I started to learn and use ansible and I developed a personal [collection of
roles](https://noa.mornie.org/eriol/ansible-collection-kit). Since ansible 2.10
you don't need to use [Ansible Galaxy](https://galaxy.ansible.com/), you can
just install it from git: this is great because I'm trying to stop using
services that can't be self-hosted and Ansible Galaxy need a Github account to
login.
To install my collection I just add the following stanza into
`requirements.yml`:
```yaml
---
collections:
- name: https://noa.mornie.org/eriol/ansible-collection-kit
type: git
version: 0.2.5
```
and then:
```shell
ansible-galaxy collection install -f -r requirements.yml
```
I use the `-f` to handle the upgrade of the collection since it's easier to
just recall the command from history, but from ansible-base 2.11 [it will not
be required anymore](https://github.com/ansible/ansible/issues/65699).
## Security is hard
A little but **important** digression before continuing. I used the word
**personal** on purpose on the title of this post.

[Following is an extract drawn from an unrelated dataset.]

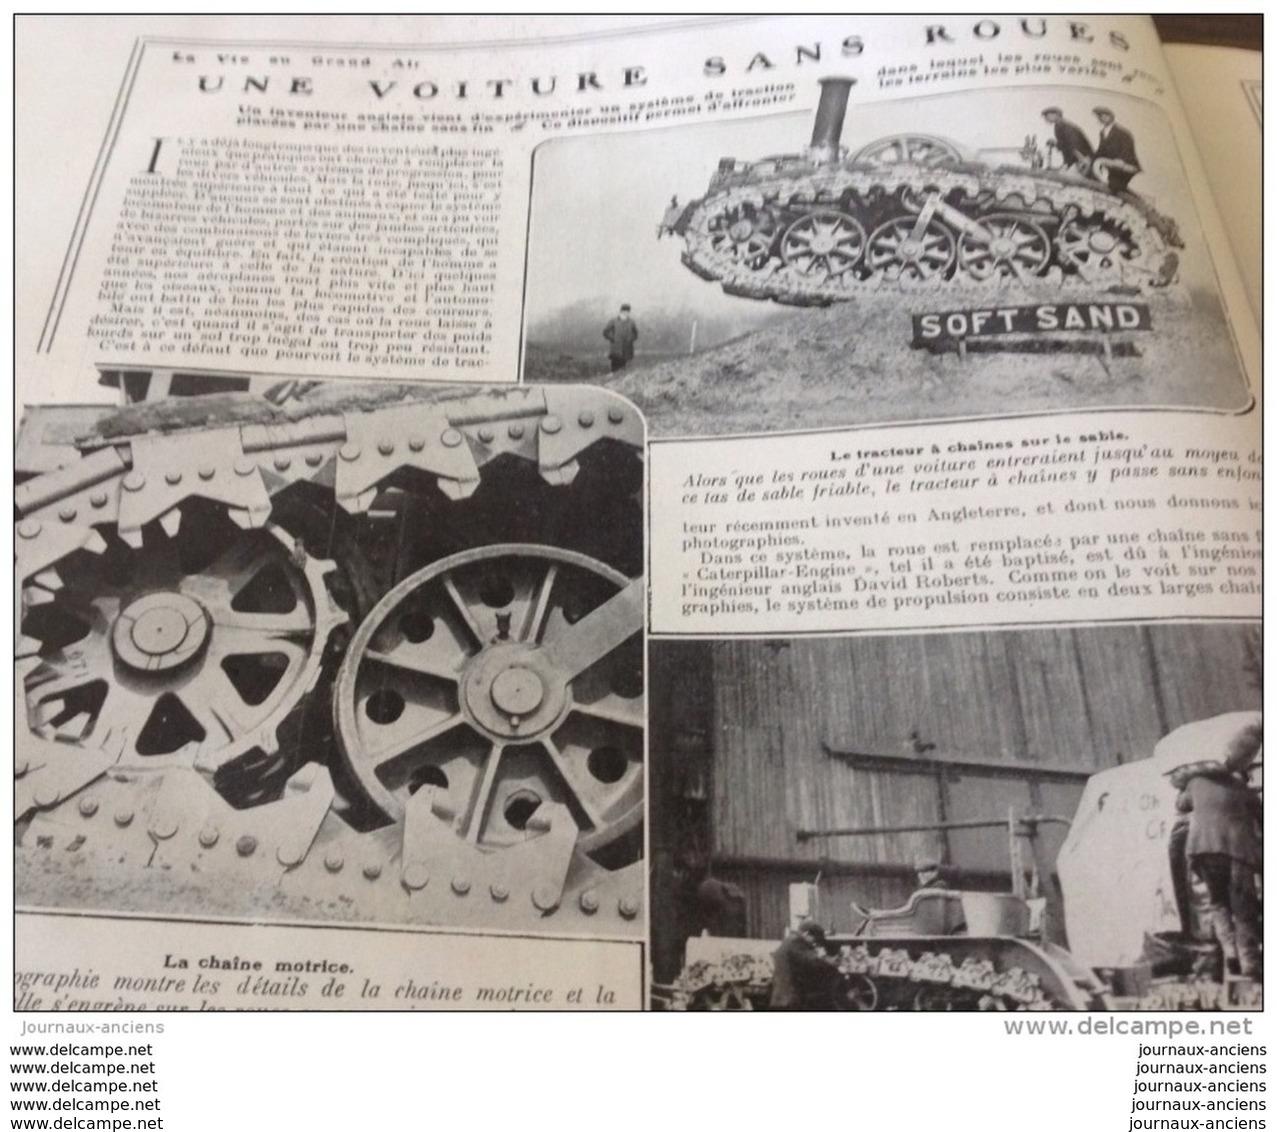 1908 VOITURE SANS ROUES - CHAINE MOTRICE - LE CATERPILLAR ENGINE - DAVID ROBERTS - Livres, BD, Revues

It's not to say that on a
personal server/service you can have a lower standard regarding security.
It's to say that security is built around the applications that the system
support and context. For example, on my personal VPS I'm the **only** user.
This is a **huge** assumption and simplify a lot of things like accountability.
Keep in mind this if you want to use my collection.
## How I bootstrap a new server
I have the following playbook `server-bootstrap.yml` with the common part:
```yaml
---
- name: bootstrap operations for a new server
hosts: "{{ hostlist | default('bootstrapable') }}"
roles:
- eriol.kit.common
- eriol.kit.hostname
- eriol.kit.admin
- {role: eriol.kit.nftables, when: not is_docker_used}
- {role: eriol.kit.iptables, when: is_docker_used}
- eriol.kit.sshd
- eriol.kit.fail2ban
```
I keep all the servers in a `bootstrapable` group so I can just execute
`server-bootstrap.yml` playbook, but if I want a specific playbook for a server
I do:
```yaml
---
- name: import the common server part
vars:
hostlist: example.org
import_playbook: server-bootstrap.yml
- name: stuff for example.org
hosts: example.org
roles:
- # YOUR ROLES HERE
```
This way I don't have to write down the common part. All the variables are
inside the inventory split between groups variables and specific hosts
variables to make the playbooks generic.